**Activity**
The expected output is the first line of the data below and every line after it, up to and including the line containing "Лампа накаливания 12В", each reproduced exactly.

[[ Supplied data, beginning ]]

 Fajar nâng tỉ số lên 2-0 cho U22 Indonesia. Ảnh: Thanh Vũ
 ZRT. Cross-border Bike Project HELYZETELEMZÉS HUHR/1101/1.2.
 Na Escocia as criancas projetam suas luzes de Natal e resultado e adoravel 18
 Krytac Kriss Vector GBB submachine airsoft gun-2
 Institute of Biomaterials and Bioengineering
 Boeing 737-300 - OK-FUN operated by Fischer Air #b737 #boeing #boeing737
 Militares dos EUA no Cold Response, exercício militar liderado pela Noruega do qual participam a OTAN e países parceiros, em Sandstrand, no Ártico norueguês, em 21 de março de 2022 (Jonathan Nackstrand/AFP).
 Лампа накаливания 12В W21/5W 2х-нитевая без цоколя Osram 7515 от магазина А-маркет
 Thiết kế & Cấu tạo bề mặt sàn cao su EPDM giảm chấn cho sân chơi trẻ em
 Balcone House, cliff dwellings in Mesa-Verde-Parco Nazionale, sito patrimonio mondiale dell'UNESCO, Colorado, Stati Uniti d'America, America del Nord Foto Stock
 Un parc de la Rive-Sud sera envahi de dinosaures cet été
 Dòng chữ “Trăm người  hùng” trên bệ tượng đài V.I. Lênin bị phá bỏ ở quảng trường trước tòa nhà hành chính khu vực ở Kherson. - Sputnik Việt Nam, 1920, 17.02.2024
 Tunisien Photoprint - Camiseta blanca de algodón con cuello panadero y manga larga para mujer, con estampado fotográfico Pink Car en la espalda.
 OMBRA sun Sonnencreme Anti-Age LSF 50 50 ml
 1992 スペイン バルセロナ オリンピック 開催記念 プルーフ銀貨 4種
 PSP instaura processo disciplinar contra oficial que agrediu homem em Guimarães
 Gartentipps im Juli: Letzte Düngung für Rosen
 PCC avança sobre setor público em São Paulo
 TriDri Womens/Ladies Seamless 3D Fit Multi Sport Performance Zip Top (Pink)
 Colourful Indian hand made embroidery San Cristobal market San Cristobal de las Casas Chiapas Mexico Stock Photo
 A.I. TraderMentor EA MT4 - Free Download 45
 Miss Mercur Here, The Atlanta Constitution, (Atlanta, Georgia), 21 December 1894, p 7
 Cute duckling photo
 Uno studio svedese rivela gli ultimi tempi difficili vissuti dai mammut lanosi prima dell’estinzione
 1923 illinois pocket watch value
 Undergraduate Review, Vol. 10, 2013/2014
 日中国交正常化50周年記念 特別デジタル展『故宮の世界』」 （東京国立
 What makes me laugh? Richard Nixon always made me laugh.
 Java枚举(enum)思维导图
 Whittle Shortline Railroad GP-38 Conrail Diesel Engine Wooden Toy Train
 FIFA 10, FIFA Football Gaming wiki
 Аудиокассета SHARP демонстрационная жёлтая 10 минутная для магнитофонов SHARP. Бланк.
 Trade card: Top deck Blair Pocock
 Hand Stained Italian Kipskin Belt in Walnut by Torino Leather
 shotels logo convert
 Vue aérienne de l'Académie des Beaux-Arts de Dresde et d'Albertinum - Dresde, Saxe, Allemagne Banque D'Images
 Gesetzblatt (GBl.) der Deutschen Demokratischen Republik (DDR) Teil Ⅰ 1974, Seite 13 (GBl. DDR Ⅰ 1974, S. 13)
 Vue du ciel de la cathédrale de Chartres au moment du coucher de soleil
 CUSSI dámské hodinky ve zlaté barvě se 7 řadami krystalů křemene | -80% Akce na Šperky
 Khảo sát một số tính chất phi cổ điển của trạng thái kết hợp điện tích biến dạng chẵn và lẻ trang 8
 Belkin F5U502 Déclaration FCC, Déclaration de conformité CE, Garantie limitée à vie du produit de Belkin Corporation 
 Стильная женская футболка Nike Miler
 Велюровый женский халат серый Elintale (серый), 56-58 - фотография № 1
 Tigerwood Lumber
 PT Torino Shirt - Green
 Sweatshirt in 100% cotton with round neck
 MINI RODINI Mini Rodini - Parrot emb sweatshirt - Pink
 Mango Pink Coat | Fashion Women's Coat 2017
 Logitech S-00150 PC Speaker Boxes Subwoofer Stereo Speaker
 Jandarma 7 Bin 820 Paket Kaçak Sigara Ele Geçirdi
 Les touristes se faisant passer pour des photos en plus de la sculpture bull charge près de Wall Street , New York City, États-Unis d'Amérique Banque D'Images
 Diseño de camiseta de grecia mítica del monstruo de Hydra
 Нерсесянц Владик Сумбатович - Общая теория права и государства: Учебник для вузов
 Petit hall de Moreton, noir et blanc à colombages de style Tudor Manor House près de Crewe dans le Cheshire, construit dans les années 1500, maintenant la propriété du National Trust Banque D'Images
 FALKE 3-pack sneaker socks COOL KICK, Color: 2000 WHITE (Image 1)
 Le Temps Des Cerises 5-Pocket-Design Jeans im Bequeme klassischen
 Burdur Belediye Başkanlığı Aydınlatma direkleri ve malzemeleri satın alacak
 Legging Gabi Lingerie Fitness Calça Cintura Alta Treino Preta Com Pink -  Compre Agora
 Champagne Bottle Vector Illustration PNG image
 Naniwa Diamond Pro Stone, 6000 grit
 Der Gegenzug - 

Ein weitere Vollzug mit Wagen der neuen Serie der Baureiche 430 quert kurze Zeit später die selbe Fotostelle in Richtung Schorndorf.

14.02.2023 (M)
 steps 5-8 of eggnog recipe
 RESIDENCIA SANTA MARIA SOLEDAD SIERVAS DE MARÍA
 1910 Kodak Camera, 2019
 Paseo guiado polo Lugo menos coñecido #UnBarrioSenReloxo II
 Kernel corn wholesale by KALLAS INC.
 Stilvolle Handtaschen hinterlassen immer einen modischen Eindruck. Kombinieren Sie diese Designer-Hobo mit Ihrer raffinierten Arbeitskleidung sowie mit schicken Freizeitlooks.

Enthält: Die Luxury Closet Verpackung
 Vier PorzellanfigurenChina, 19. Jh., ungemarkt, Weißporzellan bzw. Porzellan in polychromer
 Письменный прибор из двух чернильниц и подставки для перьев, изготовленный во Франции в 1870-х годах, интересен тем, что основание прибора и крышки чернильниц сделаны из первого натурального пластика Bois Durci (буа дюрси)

[[ Supplied data, end ]]

**Exercise output**
 Fajar nâng tỉ số lên 2-0 cho U22 Indonesia. Ảnh: Thanh Vũ
 ZRT. Cross-border Bike Project HELYZETELEMZÉS HUHR/1101/1.2.
 Na Escocia as criancas projetam suas luzes de Natal e resultado e adoravel 18
 Krytac Kriss Vector GBB submachine airsoft gun-2
 Institute of Biomaterials and Bioengineering
 Boeing 737-300 - OK-FUN operated by Fischer Air #b737 #boeing #boeing737
 Militares dos EUA no Cold Response, exercício militar liderado pela Noruega do qual participam a OTAN e países parceiros, em Sandstrand, no Ártico norueguês, em 21 de março de 2022 (Jonathan Nackstrand/AFP).
 Лампа накаливания 12В W21/5W 2х-нитевая без цоколя Osram 7515 от магазина А-маркет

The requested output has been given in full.